Si constituye un mérito haber dado nacimiento al psicoanálisis, ese mérito no es mío. (ver nota) Yo no participé en sus inicios. Era un estudiante preocupado por pasar sus últimos exámenes cuando otro médico de Viena, el doctor Josef Breuer, aplicó por primera vez ese procedimiento a una muchacha afectada de histeria (desde 1880 hasta 1882). De ese historial clínico y terapéutico nos ocuparemos; ahora. Lo hallarán expuesto con detalle en Estudios sobre la histeria [1895], publicados luego por Breuer y por mí. (ver nota)
Una sola observación antes de empezar: no sin satisfacción me he enterado de que la mayoría de mis oyentes no pertenecen al gremio médico. No tengan ustedes cuidado; no hace falta una particular formación previa en medicina para seguir mi exposición. Es cierto que por un trecho avanzaremos junto con los médicos, pero pronto nos separaremos para acompañar al doctor Breuer en un peculiarísimo camino.

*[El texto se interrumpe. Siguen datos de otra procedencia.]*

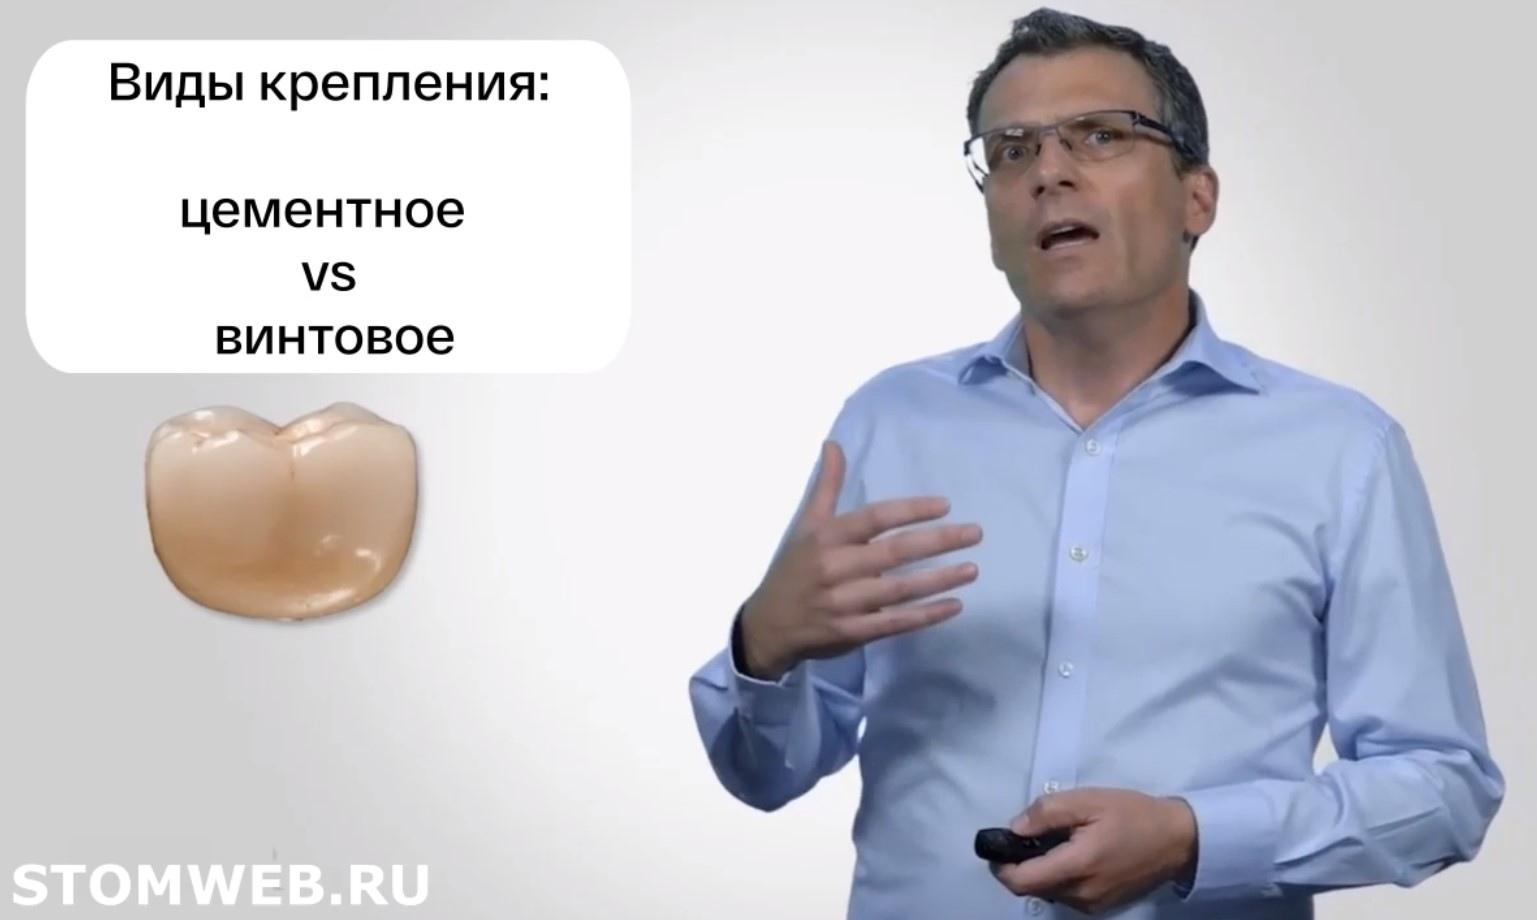 vybor-abatmentov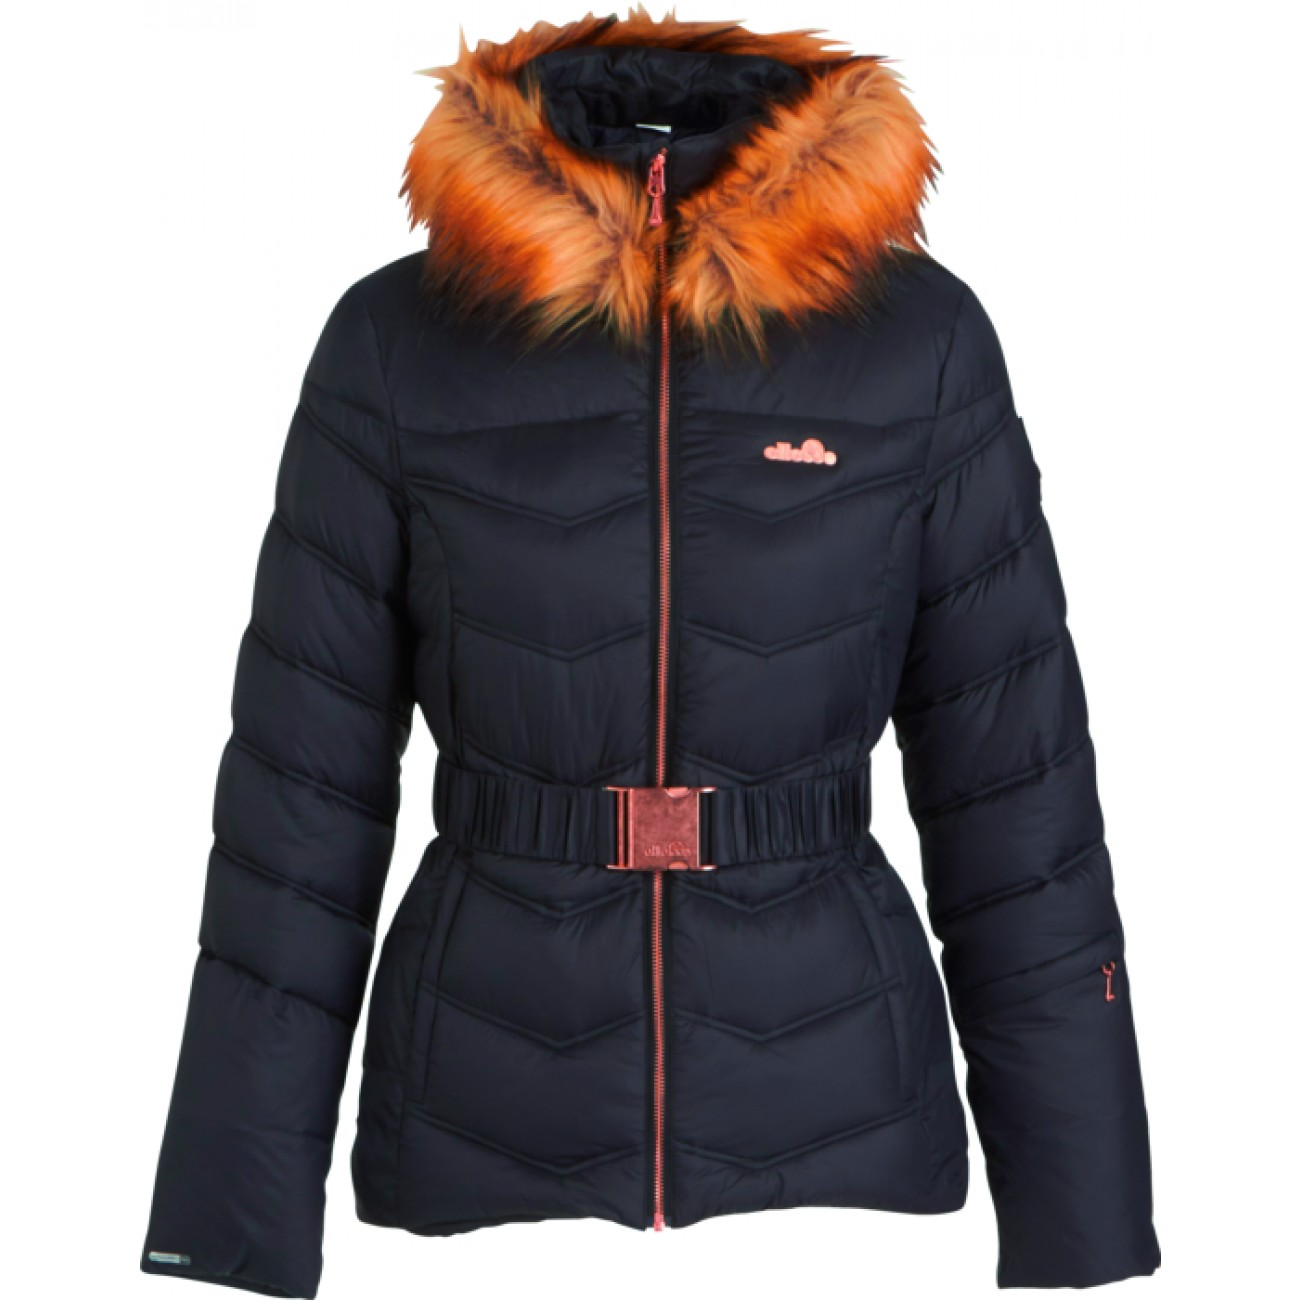 veste de ski femme grande taille pas cher vetement. Black Bedroom Furniture Sets. Home Design Ideas

La paciente del doctor Breuer, una muchacha de veintiún años, intelectualmente muy dotada, desarrolló en el trayecto de su enfermedad, que se extendió por dos años, una serie de perturbaciones corporales y anímicas merecedoras de tomarse con toda seriedad. Sufrió una parálisis con rigidez de las dos extremidades del lado derecho, que permanecían insensibles, y a veces esta misma afección en los miembros del lado izquierdo; perturbaciones en los movimientos oculares y múltiples deficiencias en la visión, dificultades para sostener la cabeza, una intensa tussis nervosa, asco frente a los alimentos y en una ocasión, durante varias semanas, incapacidad para beber no obstante una sed martirizadora; además, disminución de la capacidad de hablar, al punto de no poder expresarse o no comprender su lengua materna, y, por último, estados de ausencia, confusión, deliria, alteración de su personalidad toda, a los cuales consagraremos luego nuestra atención.
Al tomar conocimiento ustedes de semejante cuadro patológico, se inclinarán a suponer, aun sin ser médicos, que se trata de una afección grave, probablemente cerebral, que ofrece pocas perspectivas de restablecimiento y acaso lleve al temprano deceso de los aquejados por ella. Admitan, sin embargo, esta enseñanza de los médicos: para toda una serie de casos que presentan esas graves manifestaciones está justificada otra concepción, mucho más favorable. Si ese cuadro clínico aparece en una joven en quien una indagación objetiva demuestra que sus órganos internos vitales (corazón, riñones) son normales, pero que ha experimentado violentas conmociones del ánimo, y si en ciertos caracteres más finos los diversos síntomas se apartan de lo que cabría esperar, los médicos no juzgarán muy grave el caso. Afirmarán no estar frente a una afección orgánica del cerebro, sino ante ese enigmático estado que desde los tiempos de la medicina griega recibe el nombre de histeria y es capaz de simular toda una serie de graves cuadros. Por eso no disciernen peligro mortal y consideran probable una recuperación -incluso total- de la salud. No siempre es muy fácil distinguir una histeria de una afección orgánica grave. Pero no necesitamos saber cómo se realiza un diagnóstico diferencial de esta clase; bástenos la seguridad de que justamente el caso de la paciente de Breuer era uno de esos en que ningún médico experto erraría el diagnóstico de histeria. En este punto podemos traer, del informe clínico, un complemento: ella contrajo su enfermedad mientras cuidaba a su padre, tiernamente amado, de una grave dolencia que lo llevó a la tumba, y a raíz de sus propios males debió dejar de prestarle esos auxilios.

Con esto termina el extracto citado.